• Activity
Below are the entries; return every line among them that holds the word "blogspot".

■ ■ ■ ■

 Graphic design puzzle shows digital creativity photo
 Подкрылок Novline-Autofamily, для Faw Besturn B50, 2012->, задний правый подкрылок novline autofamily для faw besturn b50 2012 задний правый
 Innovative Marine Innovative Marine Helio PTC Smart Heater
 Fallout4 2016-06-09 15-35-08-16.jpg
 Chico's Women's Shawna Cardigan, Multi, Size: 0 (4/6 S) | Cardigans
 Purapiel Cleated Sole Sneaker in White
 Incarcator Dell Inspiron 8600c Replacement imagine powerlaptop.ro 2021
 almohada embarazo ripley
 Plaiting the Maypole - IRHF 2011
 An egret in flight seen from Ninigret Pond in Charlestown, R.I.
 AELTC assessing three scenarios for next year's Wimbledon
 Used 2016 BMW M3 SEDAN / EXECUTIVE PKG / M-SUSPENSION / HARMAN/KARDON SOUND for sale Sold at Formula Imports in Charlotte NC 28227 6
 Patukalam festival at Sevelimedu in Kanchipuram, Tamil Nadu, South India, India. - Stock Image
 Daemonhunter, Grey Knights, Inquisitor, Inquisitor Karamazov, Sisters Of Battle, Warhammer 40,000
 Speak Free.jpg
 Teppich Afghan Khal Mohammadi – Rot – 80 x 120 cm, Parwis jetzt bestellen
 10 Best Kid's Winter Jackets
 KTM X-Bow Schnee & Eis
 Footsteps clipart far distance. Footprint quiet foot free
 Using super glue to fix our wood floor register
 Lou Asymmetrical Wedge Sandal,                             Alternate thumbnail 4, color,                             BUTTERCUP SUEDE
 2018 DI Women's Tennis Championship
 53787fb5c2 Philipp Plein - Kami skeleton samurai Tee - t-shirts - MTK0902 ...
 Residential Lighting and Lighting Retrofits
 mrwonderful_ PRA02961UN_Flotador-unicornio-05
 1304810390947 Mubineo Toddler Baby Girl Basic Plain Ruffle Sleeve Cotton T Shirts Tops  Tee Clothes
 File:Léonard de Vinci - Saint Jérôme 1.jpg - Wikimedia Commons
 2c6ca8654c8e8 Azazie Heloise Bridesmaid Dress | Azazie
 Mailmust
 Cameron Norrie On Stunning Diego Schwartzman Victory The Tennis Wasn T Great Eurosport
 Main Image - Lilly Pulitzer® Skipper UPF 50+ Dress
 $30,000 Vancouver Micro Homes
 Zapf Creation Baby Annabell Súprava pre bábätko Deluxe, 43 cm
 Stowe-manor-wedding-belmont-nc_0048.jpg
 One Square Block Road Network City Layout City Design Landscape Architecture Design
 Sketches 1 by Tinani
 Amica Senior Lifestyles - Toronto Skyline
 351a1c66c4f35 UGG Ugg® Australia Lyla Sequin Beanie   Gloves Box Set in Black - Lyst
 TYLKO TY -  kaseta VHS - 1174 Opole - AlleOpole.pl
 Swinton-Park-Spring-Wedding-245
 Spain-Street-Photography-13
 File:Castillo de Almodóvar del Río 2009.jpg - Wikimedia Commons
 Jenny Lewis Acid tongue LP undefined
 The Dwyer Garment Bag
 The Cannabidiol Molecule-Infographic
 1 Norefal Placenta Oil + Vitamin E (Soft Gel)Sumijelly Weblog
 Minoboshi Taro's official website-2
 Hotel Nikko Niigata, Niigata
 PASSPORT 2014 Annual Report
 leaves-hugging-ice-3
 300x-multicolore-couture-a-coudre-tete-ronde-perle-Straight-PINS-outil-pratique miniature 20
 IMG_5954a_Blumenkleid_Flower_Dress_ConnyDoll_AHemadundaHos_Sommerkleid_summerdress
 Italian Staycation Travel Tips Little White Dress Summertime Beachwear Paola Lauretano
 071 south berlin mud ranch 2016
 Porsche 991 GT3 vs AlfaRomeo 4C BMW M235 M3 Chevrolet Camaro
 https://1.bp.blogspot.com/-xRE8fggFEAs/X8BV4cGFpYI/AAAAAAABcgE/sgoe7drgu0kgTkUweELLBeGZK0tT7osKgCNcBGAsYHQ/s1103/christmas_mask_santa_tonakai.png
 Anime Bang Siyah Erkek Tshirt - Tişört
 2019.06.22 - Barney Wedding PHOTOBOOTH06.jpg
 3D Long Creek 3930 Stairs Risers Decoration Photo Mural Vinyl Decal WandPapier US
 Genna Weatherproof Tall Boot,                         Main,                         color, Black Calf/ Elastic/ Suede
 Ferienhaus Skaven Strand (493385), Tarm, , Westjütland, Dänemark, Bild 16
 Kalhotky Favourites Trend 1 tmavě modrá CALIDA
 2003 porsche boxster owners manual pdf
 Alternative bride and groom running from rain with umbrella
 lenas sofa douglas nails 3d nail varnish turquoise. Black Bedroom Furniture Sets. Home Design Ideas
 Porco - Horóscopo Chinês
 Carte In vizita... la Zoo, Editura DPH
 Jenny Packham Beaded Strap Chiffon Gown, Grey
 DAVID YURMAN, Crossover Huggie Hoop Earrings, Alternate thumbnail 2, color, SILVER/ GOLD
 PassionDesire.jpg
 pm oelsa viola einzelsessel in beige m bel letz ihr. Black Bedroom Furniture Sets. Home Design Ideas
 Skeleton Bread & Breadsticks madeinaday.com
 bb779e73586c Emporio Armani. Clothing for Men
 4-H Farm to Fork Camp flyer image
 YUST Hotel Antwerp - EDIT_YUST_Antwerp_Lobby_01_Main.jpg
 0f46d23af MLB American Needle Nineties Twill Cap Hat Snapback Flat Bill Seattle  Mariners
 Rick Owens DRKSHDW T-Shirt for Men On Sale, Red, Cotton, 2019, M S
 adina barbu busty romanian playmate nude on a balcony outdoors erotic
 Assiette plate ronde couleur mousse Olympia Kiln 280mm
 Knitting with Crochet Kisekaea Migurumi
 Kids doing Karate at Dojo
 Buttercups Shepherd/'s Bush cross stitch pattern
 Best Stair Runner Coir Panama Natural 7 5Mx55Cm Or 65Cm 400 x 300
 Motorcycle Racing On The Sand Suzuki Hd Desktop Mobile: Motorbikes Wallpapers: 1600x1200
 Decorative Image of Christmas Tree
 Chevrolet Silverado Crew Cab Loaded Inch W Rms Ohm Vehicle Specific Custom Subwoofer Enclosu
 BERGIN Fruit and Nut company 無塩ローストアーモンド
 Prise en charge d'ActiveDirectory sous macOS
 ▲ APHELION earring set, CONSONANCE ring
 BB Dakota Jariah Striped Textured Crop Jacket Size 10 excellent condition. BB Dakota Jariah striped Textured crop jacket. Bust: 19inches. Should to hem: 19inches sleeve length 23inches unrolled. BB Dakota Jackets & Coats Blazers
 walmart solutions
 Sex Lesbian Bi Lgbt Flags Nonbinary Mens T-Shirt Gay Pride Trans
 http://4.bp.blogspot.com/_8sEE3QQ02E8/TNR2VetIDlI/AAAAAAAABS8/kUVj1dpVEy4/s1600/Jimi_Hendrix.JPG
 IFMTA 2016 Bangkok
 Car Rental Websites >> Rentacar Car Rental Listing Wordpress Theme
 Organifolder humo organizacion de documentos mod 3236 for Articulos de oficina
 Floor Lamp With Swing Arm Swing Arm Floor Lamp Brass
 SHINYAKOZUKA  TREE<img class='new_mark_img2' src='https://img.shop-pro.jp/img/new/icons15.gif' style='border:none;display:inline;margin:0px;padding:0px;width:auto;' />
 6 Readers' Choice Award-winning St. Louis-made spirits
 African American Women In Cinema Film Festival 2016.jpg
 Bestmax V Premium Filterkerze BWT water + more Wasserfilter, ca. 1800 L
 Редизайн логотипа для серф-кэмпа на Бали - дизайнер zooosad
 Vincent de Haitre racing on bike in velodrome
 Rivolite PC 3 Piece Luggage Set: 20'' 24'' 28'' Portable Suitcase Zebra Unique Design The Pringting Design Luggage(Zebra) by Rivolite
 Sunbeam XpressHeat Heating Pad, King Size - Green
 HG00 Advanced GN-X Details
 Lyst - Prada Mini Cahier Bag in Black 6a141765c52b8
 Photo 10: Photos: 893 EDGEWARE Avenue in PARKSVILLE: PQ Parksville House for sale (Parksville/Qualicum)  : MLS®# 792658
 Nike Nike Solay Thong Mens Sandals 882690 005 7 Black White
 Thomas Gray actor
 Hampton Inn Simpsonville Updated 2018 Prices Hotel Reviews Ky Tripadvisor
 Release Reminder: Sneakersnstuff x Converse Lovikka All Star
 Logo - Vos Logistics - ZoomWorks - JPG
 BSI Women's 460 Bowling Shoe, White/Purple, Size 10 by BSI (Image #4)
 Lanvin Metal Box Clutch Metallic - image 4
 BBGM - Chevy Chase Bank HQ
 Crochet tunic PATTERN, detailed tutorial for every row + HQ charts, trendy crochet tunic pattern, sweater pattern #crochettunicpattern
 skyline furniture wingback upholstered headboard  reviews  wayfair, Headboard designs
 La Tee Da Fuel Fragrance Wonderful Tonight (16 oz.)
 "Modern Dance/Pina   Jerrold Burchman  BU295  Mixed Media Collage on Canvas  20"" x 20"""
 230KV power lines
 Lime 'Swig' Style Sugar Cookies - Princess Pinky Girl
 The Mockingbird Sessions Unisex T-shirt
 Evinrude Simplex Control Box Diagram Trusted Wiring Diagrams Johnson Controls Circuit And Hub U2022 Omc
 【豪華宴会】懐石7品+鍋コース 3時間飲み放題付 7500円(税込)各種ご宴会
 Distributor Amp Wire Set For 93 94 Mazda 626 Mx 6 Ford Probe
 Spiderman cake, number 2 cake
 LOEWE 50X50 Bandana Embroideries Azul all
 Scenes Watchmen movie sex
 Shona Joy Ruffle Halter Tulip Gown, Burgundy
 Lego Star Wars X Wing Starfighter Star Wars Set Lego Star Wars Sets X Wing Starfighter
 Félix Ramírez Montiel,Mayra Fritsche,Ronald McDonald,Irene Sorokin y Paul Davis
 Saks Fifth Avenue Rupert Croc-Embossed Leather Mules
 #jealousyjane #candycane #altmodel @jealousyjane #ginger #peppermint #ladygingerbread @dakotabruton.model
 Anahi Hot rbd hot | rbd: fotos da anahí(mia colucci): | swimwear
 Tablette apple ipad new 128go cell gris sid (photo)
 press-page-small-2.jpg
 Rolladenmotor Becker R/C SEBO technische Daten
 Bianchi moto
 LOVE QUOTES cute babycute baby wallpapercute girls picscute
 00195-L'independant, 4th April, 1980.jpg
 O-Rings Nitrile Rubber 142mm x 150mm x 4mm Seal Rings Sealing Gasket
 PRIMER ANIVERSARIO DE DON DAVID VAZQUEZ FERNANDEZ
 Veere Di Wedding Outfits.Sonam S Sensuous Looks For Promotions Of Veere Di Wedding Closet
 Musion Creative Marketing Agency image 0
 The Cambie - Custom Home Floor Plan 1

■ ■ ■ ■

• Problem solution
 https://1.bp.blogspot.com/-xRE8fggFEAs/X8BV4cGFpYI/AAAAAAABcgE/sgoe7drgu0kgTkUweELLBeGZK0tT7osKgCNcBGAsYHQ/s1103/christmas_mask_santa_tonakai.png
 http://4.bp.blogspot.com/_8sEE3QQ02E8/TNR2VetIDlI/AAAAAAAABS8/kUVj1dpVEy4/s1600/Jimi_Hendrix.JPG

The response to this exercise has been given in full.